The prefix pseudo- (from Greek ψευδής, pseudes, "false") is used to mark something that superficially appears to be (or behaves like) one thing, but is something else. Subject to context, pseudo may connote coincidence, imitation, intentional deception, or a combination thereof.

 In scholarship and studies, pseudo-scholarship refers to material that is presented as, but is not, the product of rigorous and objective study or research. Examples:
Pseudoarchaeology
 Pseudohistory
 Pseudolinguistics 
 Pseudoscientific language comparison
 Folk linguistics
 Pseudomathematics
 Pseudophilosophy
 Pseudoscience
 In biology and botany, the prefix 'pseudo' is used to indicate a species with a coincidental visual similarity to another genus. For example, Iris pseudacorus is known as 'pseudacorus' for having leaves similar to those of Acorus calamus. In biology, coincidental similarity is not the same as mimicry.
 In literary studies, the prefix 'pseudo-' is used to indicate false attribution of authorship. For example, Pseudo-Aristotle is the name given to persons who falsely wrote under the name of Aristotle to give their own ideas greater credibility. The false ascription of authorship is called pseudepigraphy, and the works themselves are called pseudepigrapha. The 'pseudo-' prefix is not used for pseudonyms, false names used to hide one's true identity.
 In linguistics, the prefix 'pseudo-' is also applied to certain categories of loanwords in which words are used in a way that does not coincide with the way the word is used in the original language. For example, the English word handy has been adopted in colloquial German as the term for a mobile/cell phone. This is known as a pseudo-anglicism.
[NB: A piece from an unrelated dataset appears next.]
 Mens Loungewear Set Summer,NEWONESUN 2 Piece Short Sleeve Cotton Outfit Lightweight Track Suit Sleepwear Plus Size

 In historiography, the prefix 'pseudo' is also applied to imposters or false claimants to a throne, for example Pseudo-Nero.
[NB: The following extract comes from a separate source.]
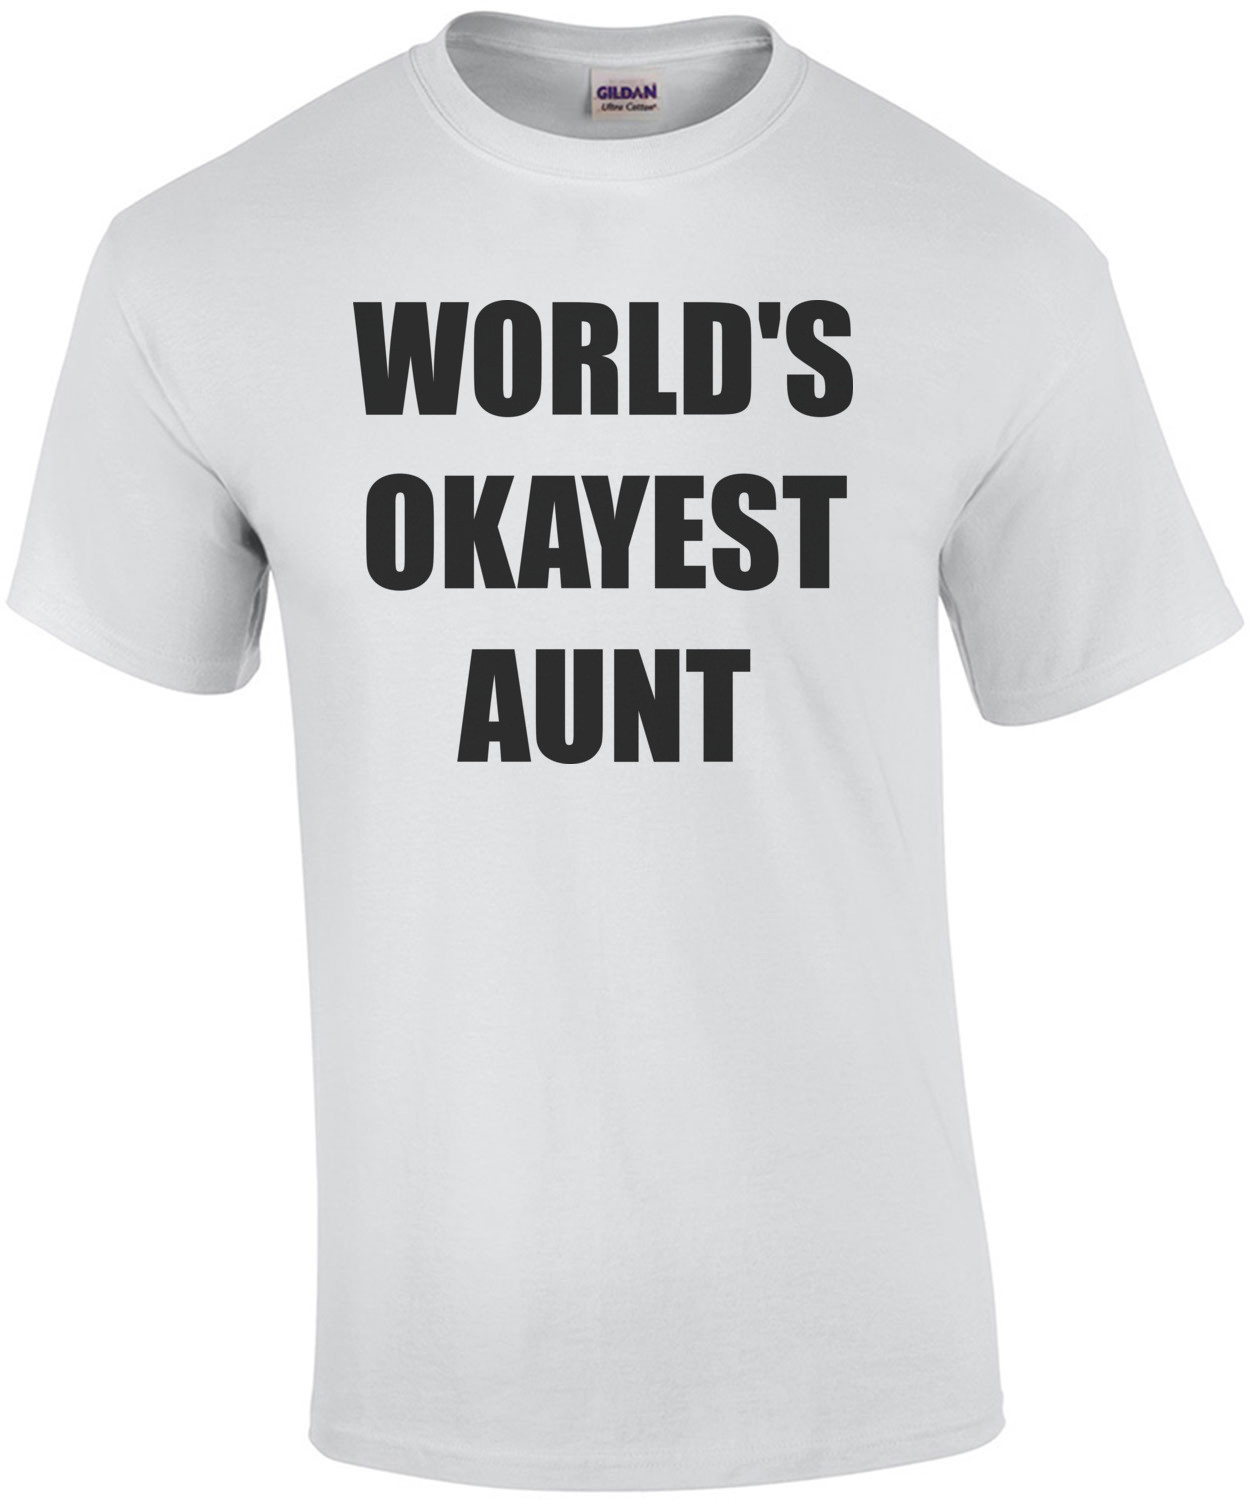 WORLD'S OKAYEST AUNT

 In pharmacology, the 'pseudo' prefix is also used to identify an alternate form of a pharmacological compound. For example, pseudoephedrine.
 In the study of art, the 'pseudo' prefix is applied to an imitation of the artistic style of a different cultural background (in contradistinction to neo-, the imitation of a style of an earlier epoch). For example, Pseudo-Kufic, Pseudo-Cyrillic, Pseudo-Chalcidian, pseudo-naïve.
 In geology and geography, the 'pseudo' prefix is also used for topographical formations that superficially appear to have been formed by one process, but were formed by another. For example, pseudo-atoll.
 In mathematics, the 'pseudo' prefix is also applied to items that are similar to (or mathematically behave like) something else, but not exactly that. For example, pseudo-arcs, pseudorandomness, pseudoprime.
 In networking, a pseudowire is a point-to-point connection that emulates a physical wire between two locations. 
 In anthropology, the 'pseudo' prefix is applied to cultural representation, most commonly related to indigenous cultures. A pseudo-culture is a form of cultural expression that was designed for monetary gain, and helps to further erode cultural identity of natives. It strays from authentic traditions and provides a false representation of a culture. 
As a term, "pseudo" may refer to someone with pseudoachondroplasia, a form of dwarfism.